→ **ABOUT THIS EXERCISE**
Return only the lines below starting at the line containing "Jabiru in flight. Photo: Northern Pictures" and ending at the line containing "Disused Irish telephone", both included, exactly as they are and with no pictures.
── DATASET RECORDS
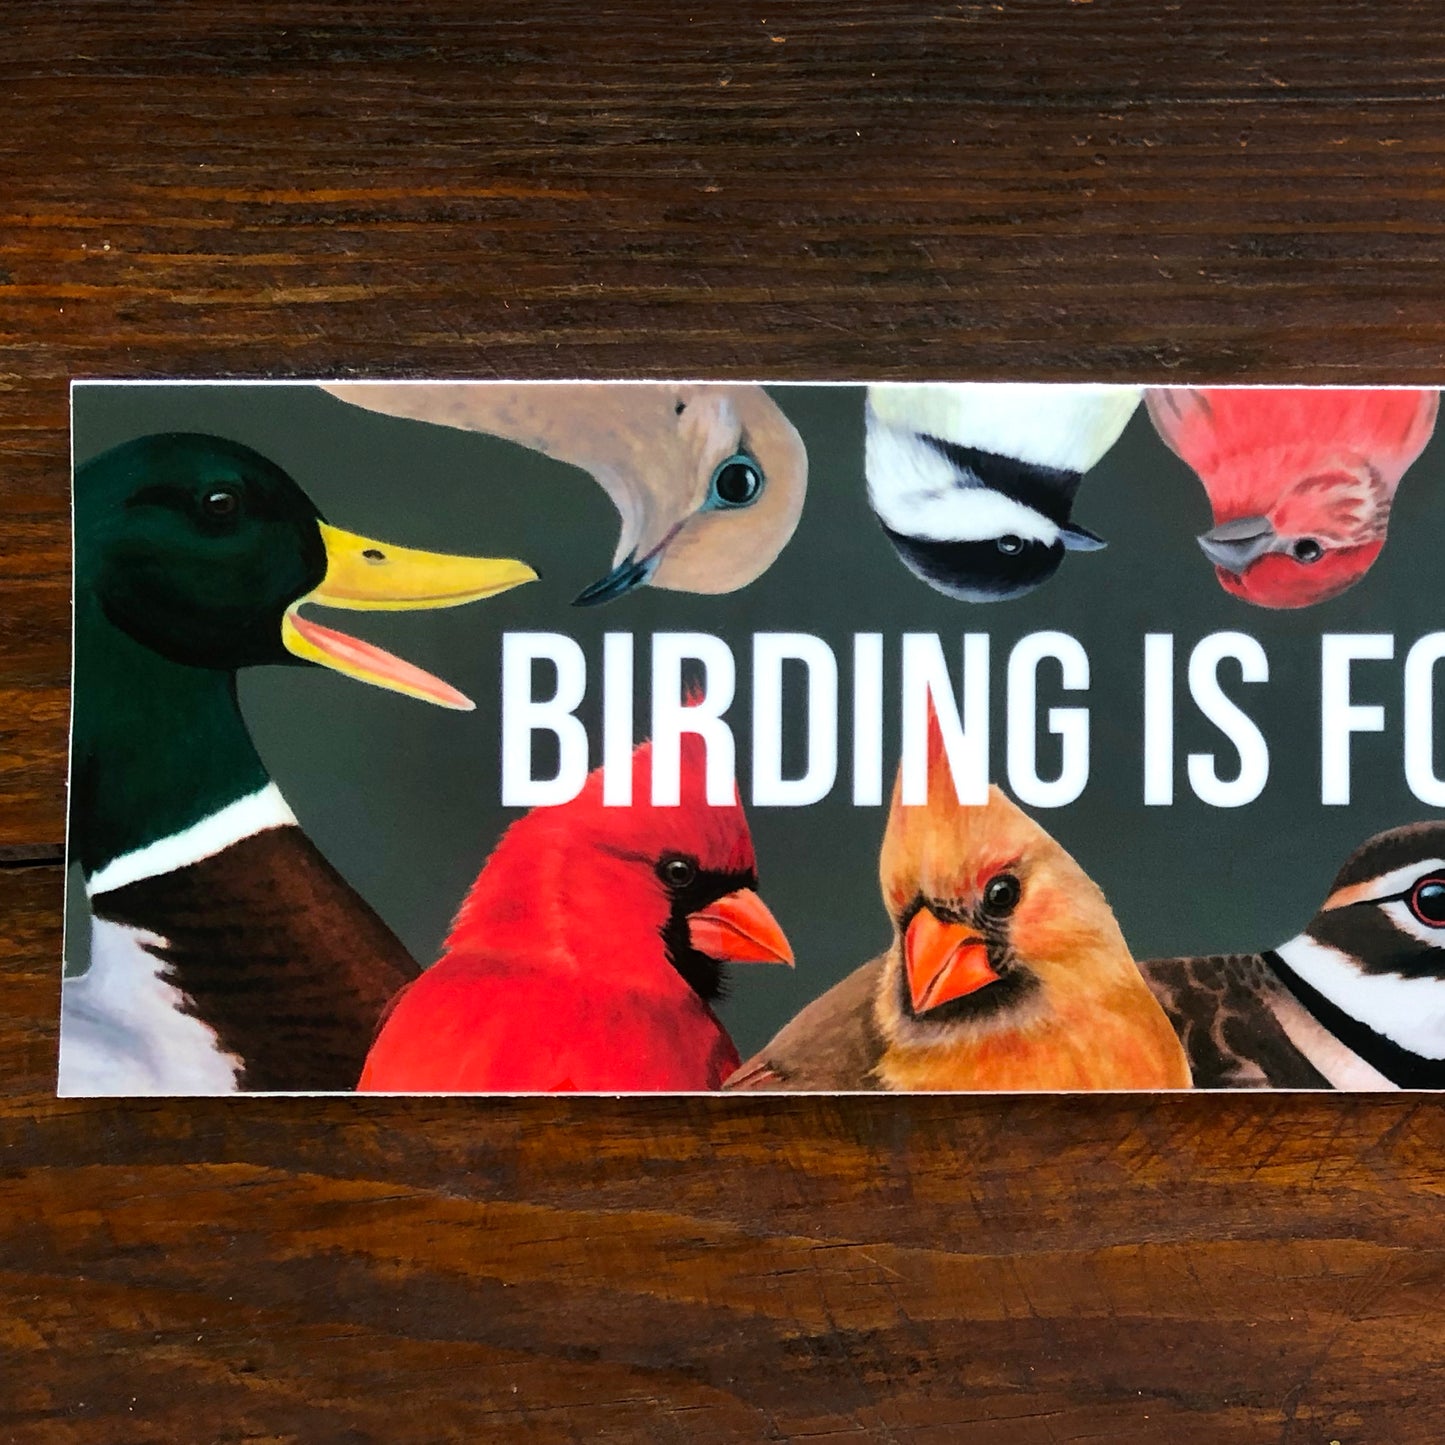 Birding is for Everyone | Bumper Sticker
────
── DATASET RECORDS
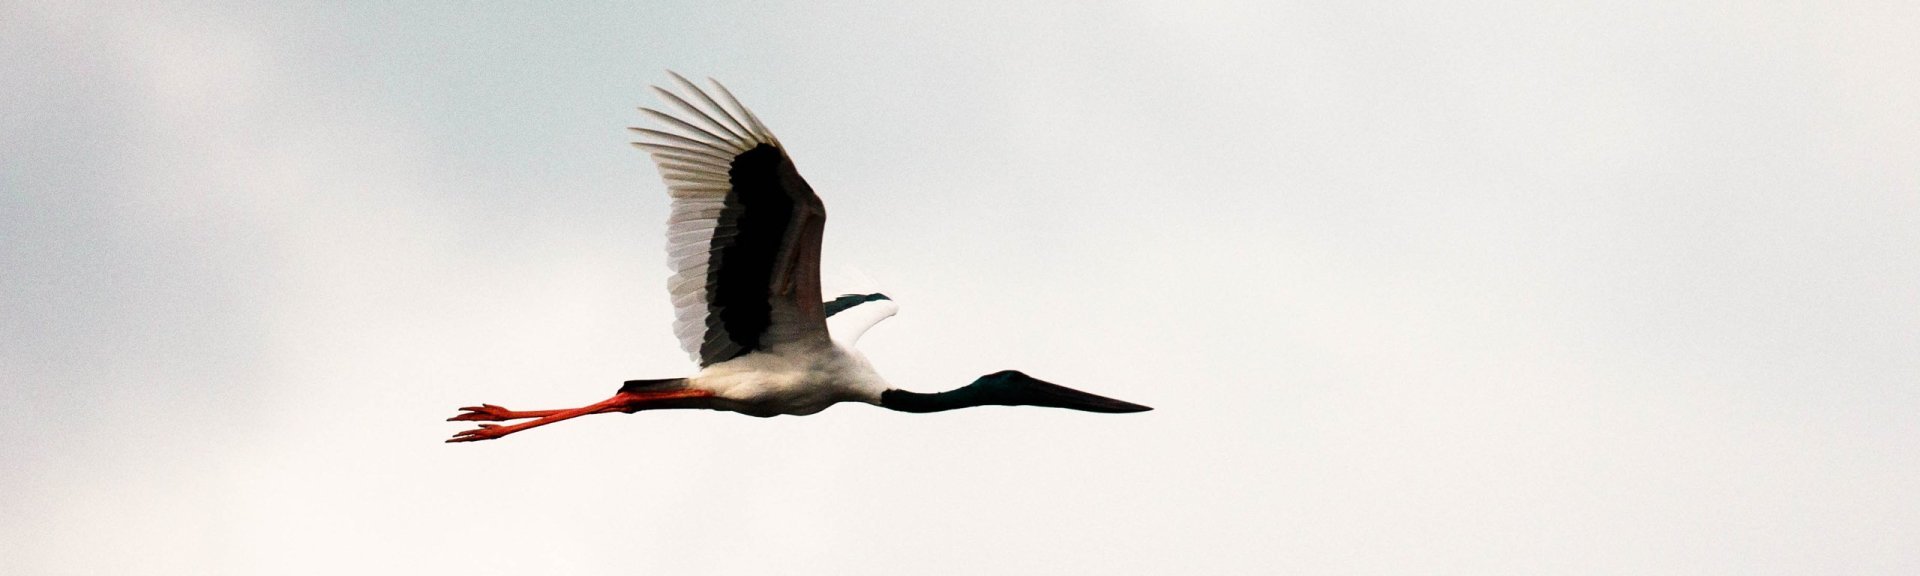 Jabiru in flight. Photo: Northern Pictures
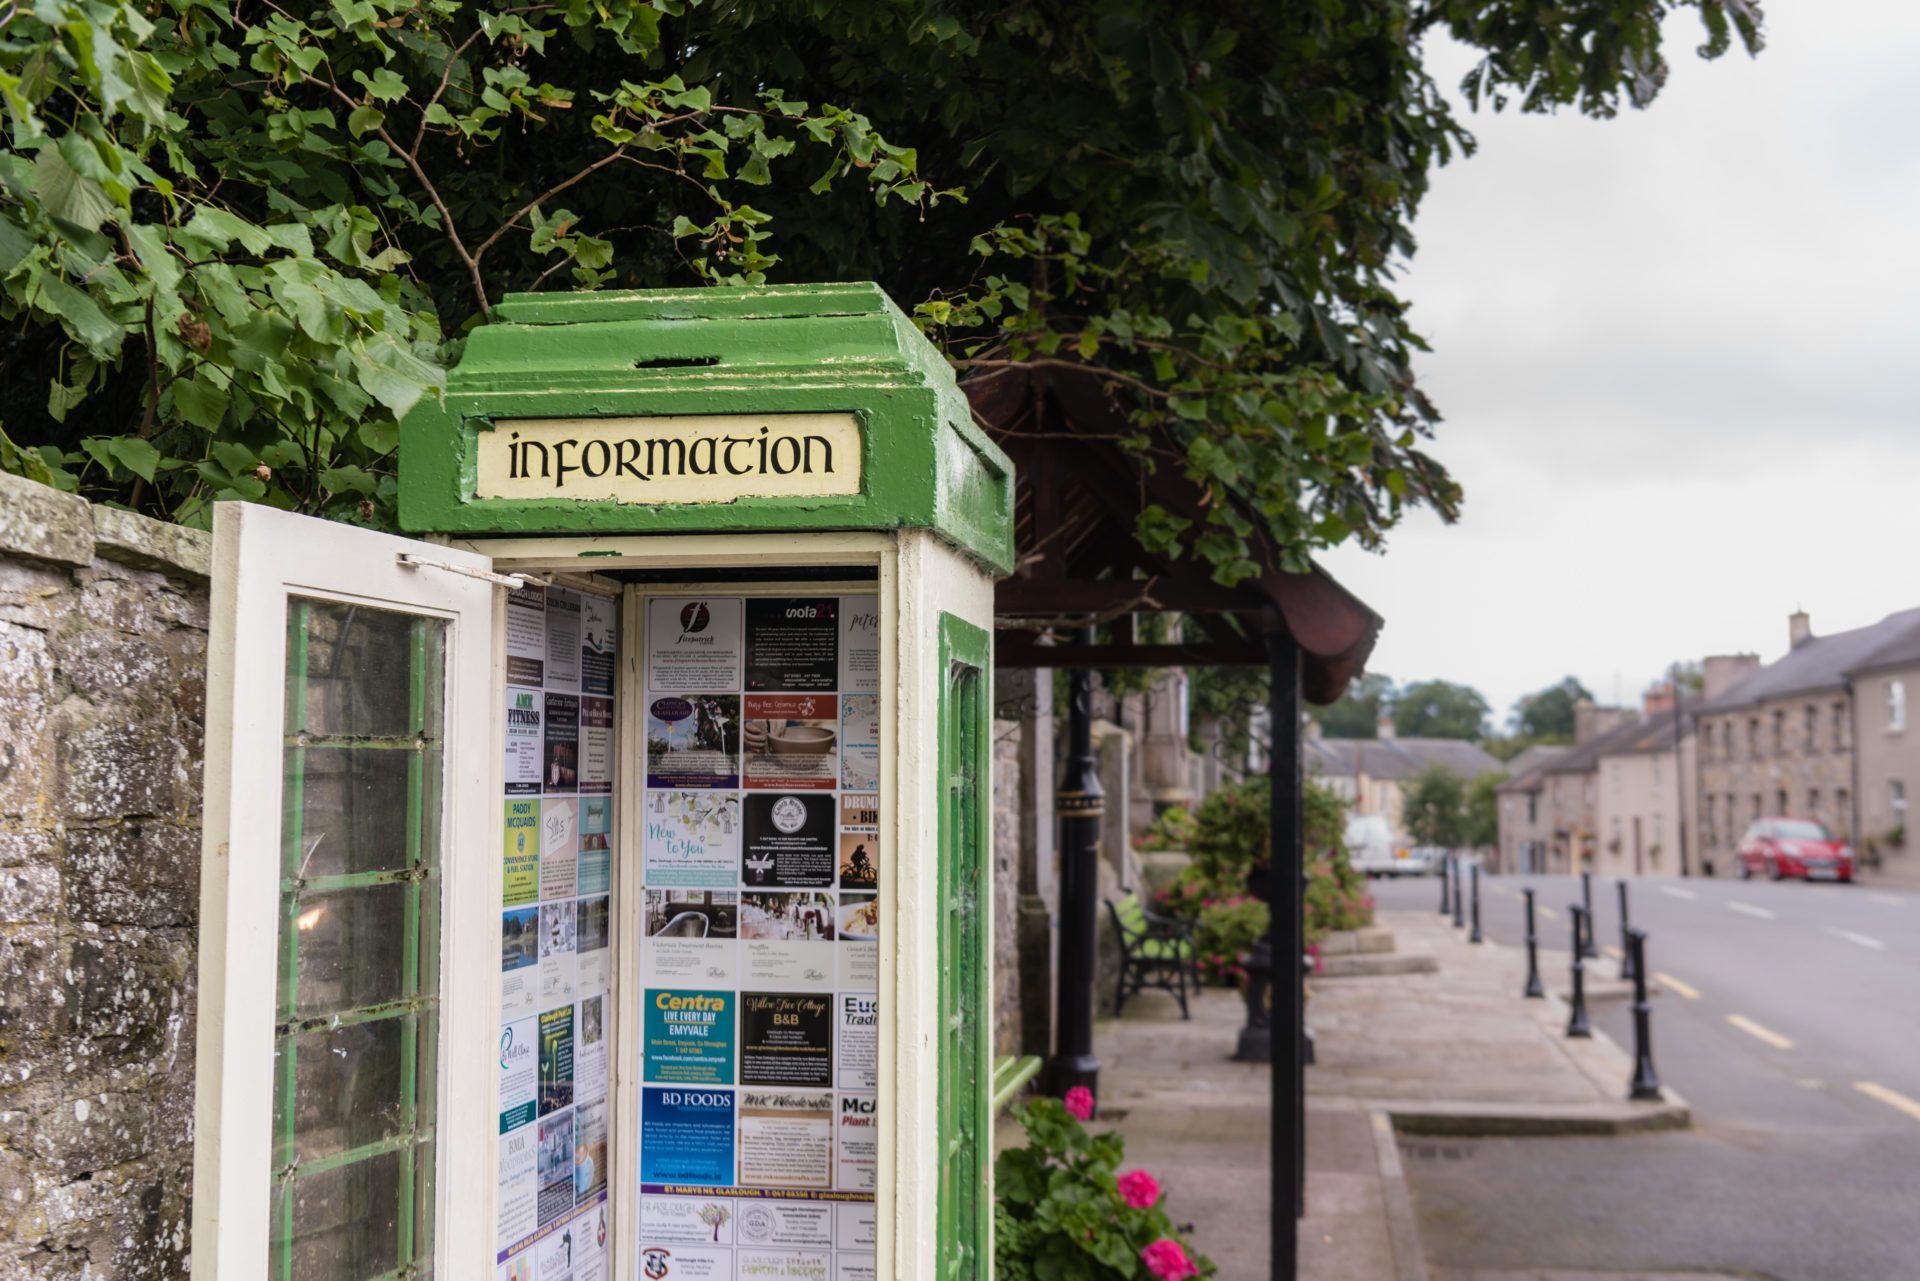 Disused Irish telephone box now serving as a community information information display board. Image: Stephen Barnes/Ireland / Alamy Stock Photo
────
── DATASET RECORDS
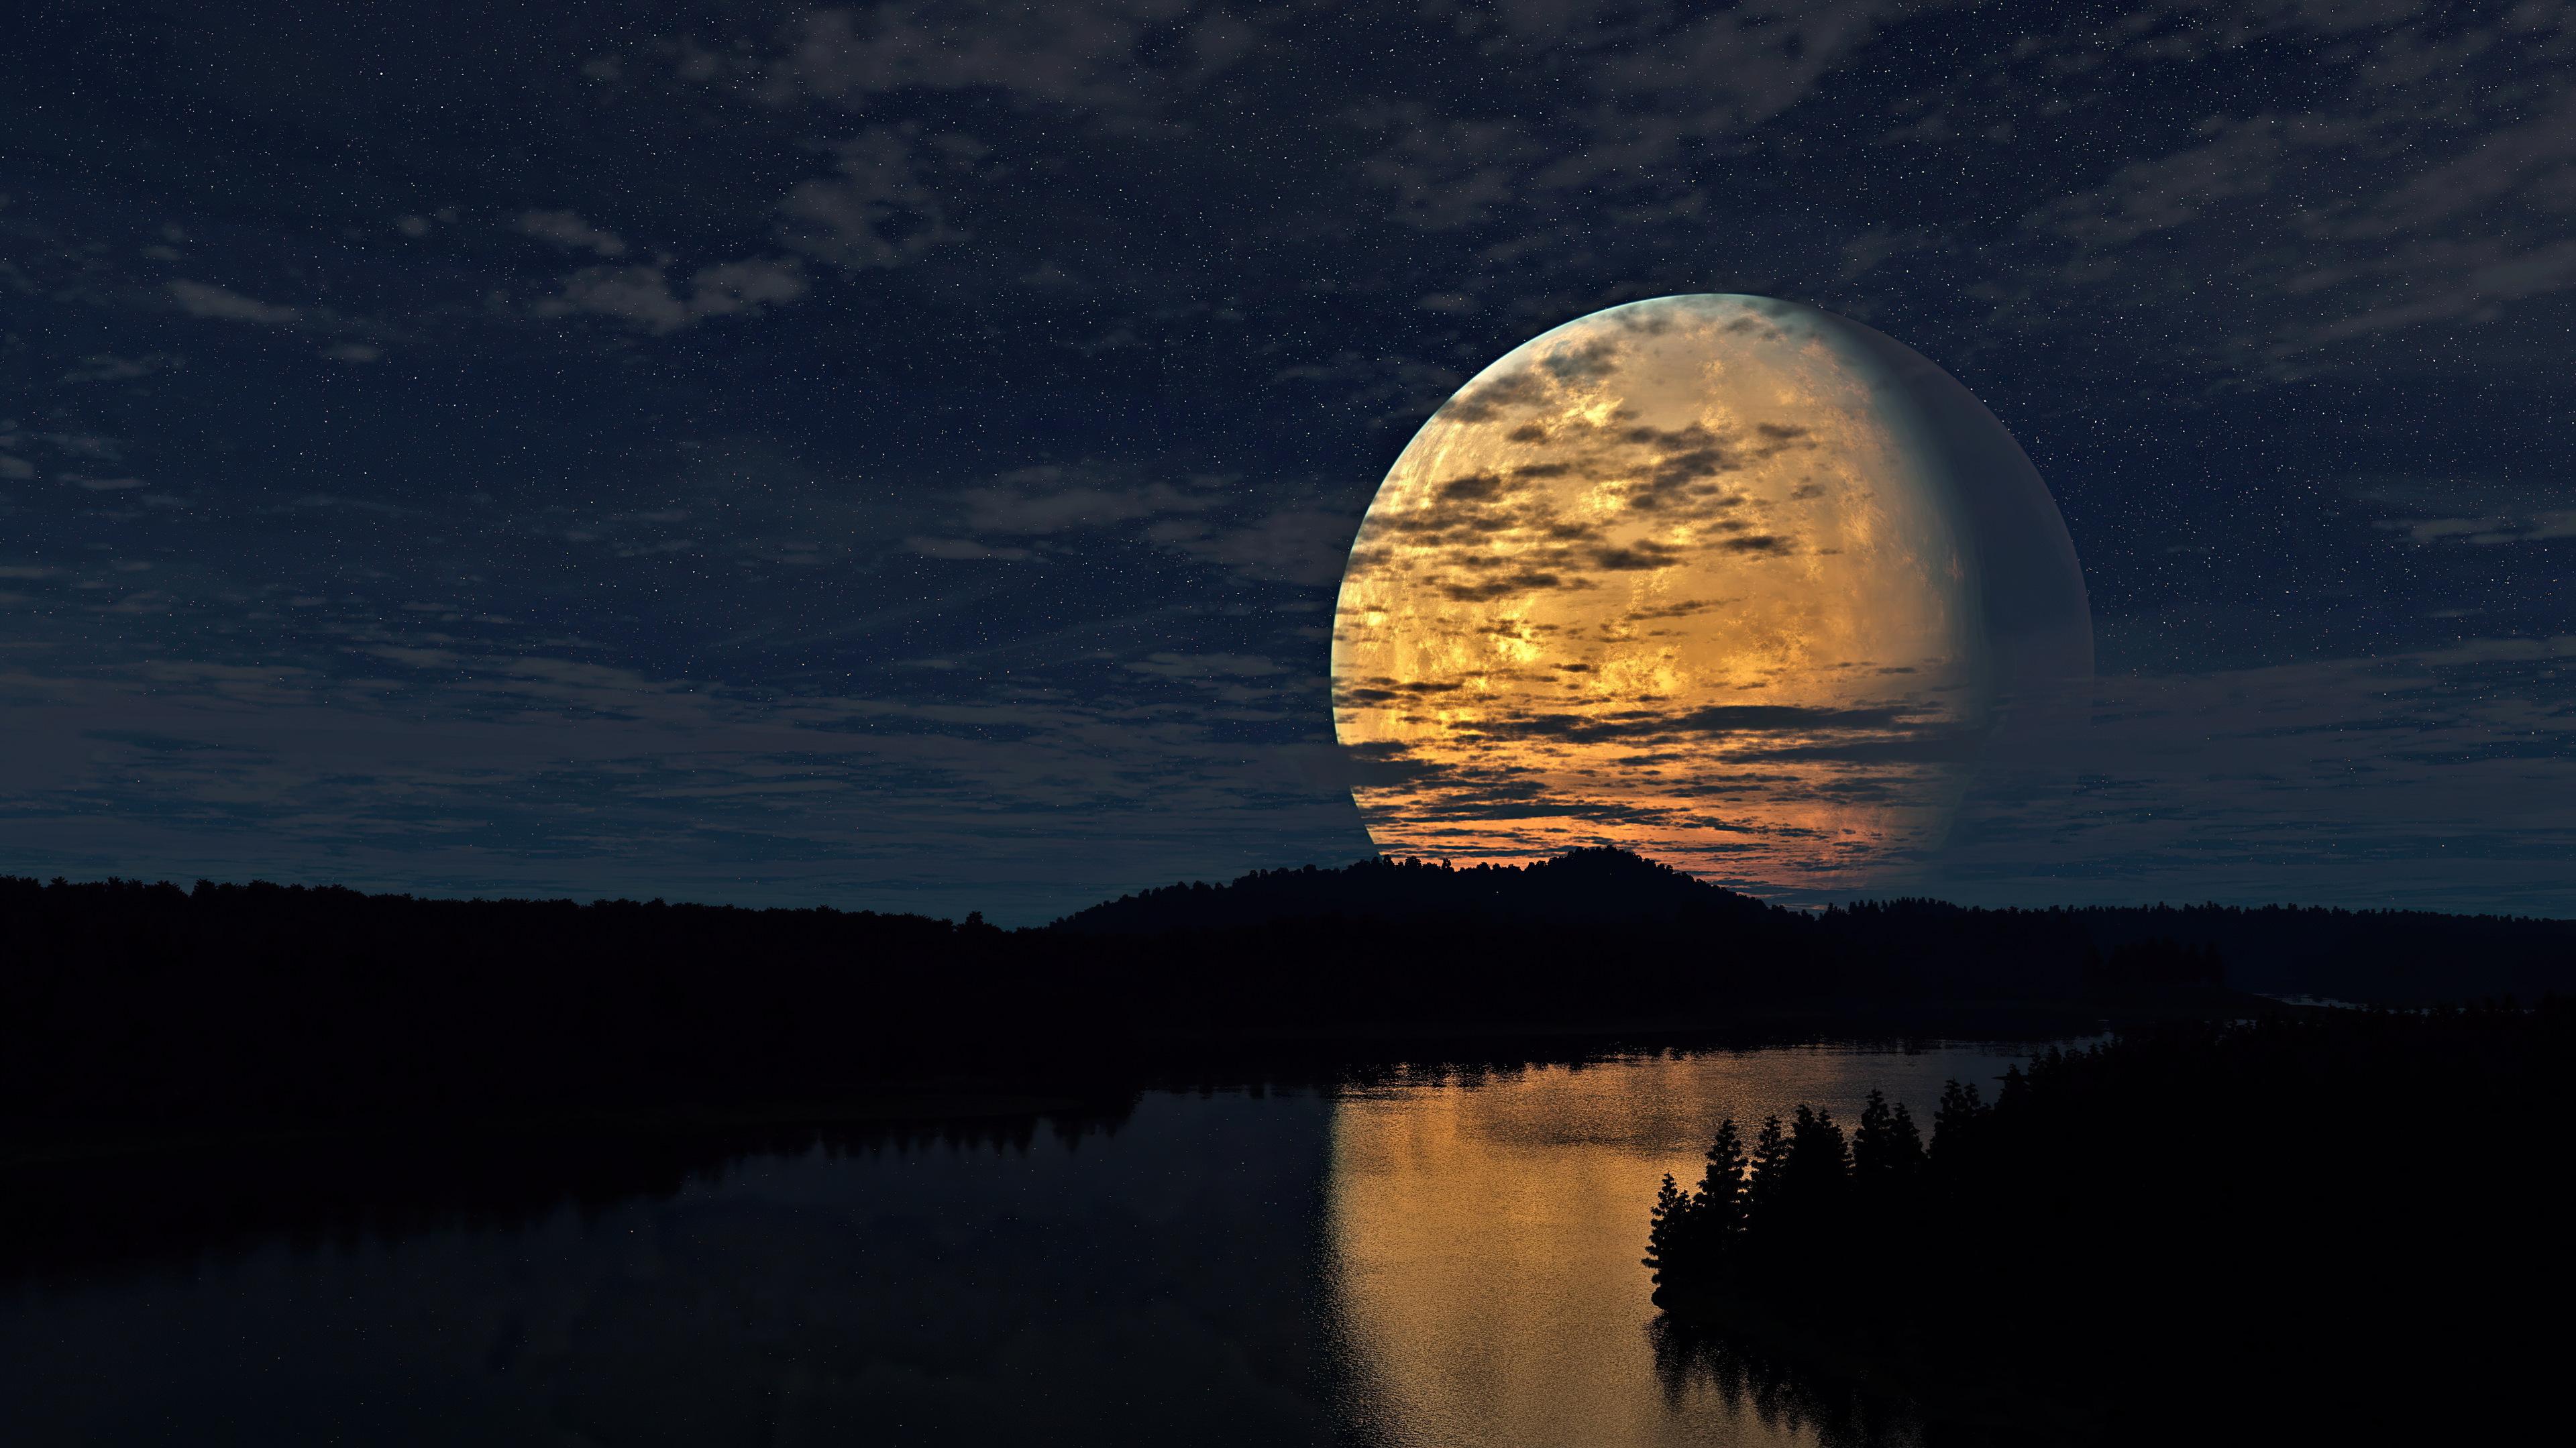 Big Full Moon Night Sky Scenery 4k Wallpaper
────
→ **YOUR RESPONSE**
 Jabiru in flight. Photo: Northern Pictures
 Disused Irish telephone box now serving as a community information information display board. Image: Stephen Barnes/Ireland / Alamy Stock Photo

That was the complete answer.